By the way, I saw this thread at Sysinternals:
http://forum.sysinternals.com/open-packet_topic20048_post106251.html

However, I am not sure how to get OS specific _OPEN_PACKET definition using WinDbg or any other tool!

Doron_Holan · September 5, 2010, 9:34am

It is undocumented. It is not in the public type information.

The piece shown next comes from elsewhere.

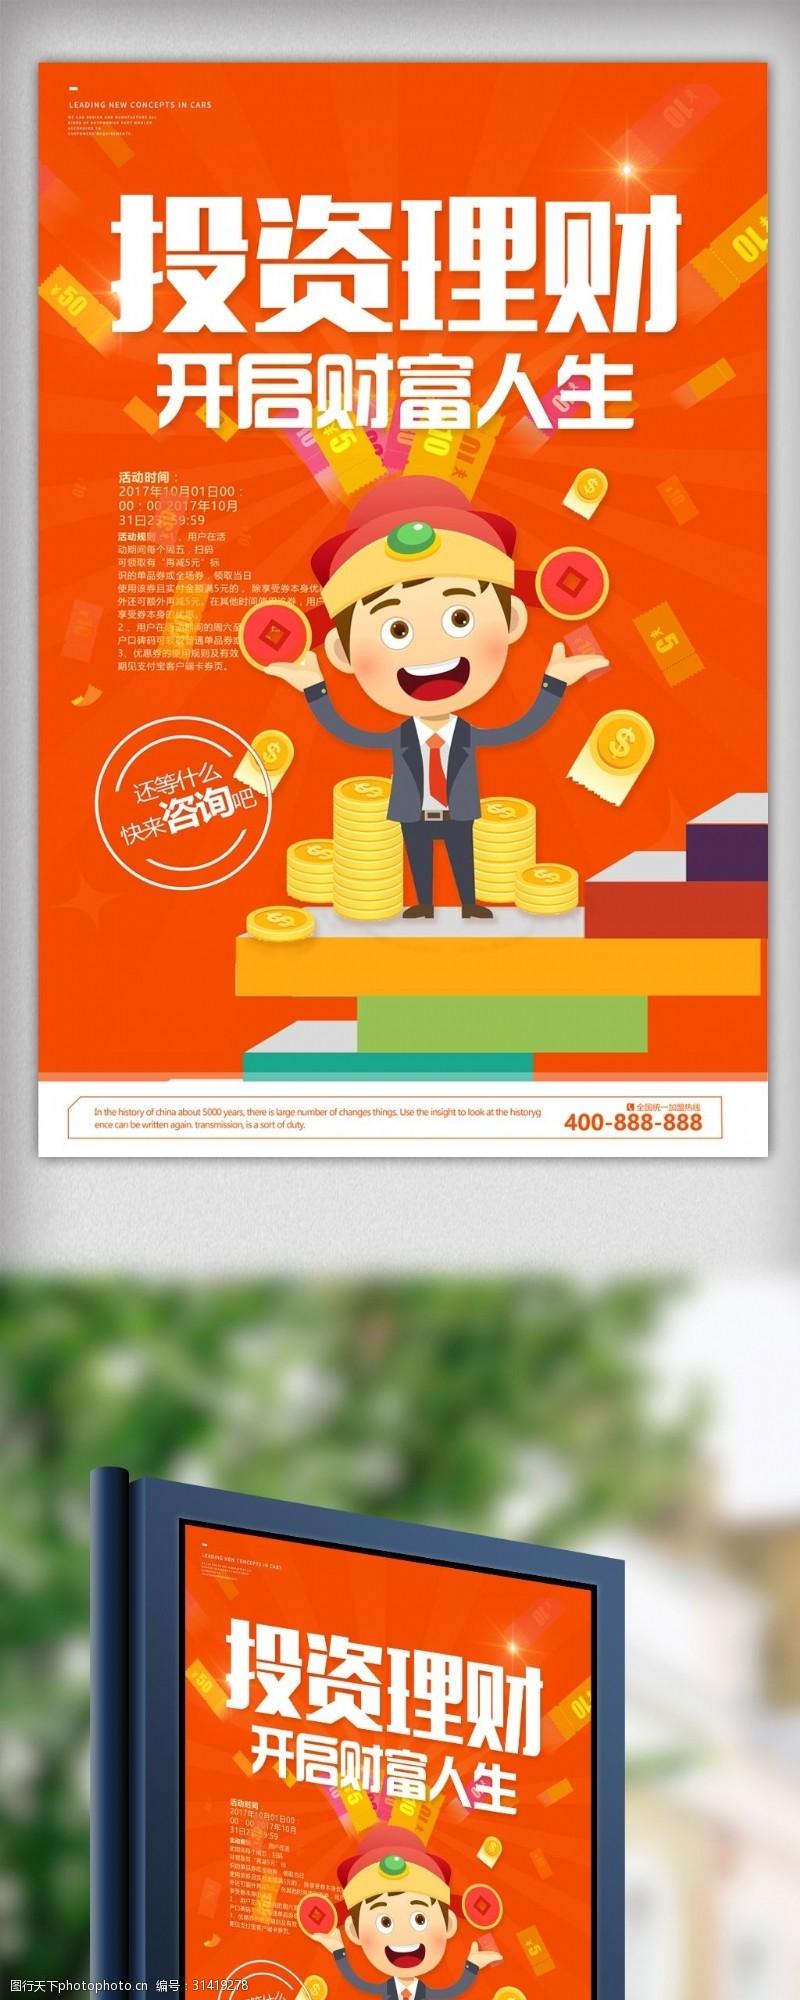 投资理财开启财富人生海报设计

What do you need to know?

d

-----Original Message-----
From: xxxxx@lists.osr.com [mailto:xxxxx@lists.osr.com] On Behalf Of xxxxx@rocketmail.com
Sent: Sunday, September 05, 2010 9:14 AM
To: Windows System Software Devs Interest List
Subject: RE:[ntdev] _OPEN_PACKET structure

By the way, I saw this thread at Sysinternals:
http://forum.sysinternals.com/open-packet_topic20048_post106251.html

However, I am not sure how to get OS specific _OPEN_PACKET definition using WinDbg or any other tool!

NTDEV is sponsored by OSR

For our schedule of WDF, WDM, debugging and other seminars visit:
http://www.osr.com/seminars

To unsubscribe, visit the List Server section of OSR Online at http://www.osronline.com/page.cfm?name=ListServer

Maxim_S_Shatskih · September 5, 2010, 9:34am

Undocumented structure used in file open path.

–
Maxim S. Shatskih
Windows DDK MVP
xxxxx@storagecraft.com
http://www.storagecraft.com

wrote in message news:xxxxx@ntdev…
> Hi all,
>
> I have noticed a structure named _OPEN_PACKET in some code snippets (and of course in ReactOS source). I have seen it being used in IoXxx and ObXxx routines (passed as “Context” argument). However, I couldn’t find it in WinDbg (dt nt!_OPEN_PACKET). Does anybody know more about this struct?
>

OSR_Community_User · September 5, 2010, 11:52am

Thanks! Hmmm, if it’s not included in public symobls, is there any way to know structure definition?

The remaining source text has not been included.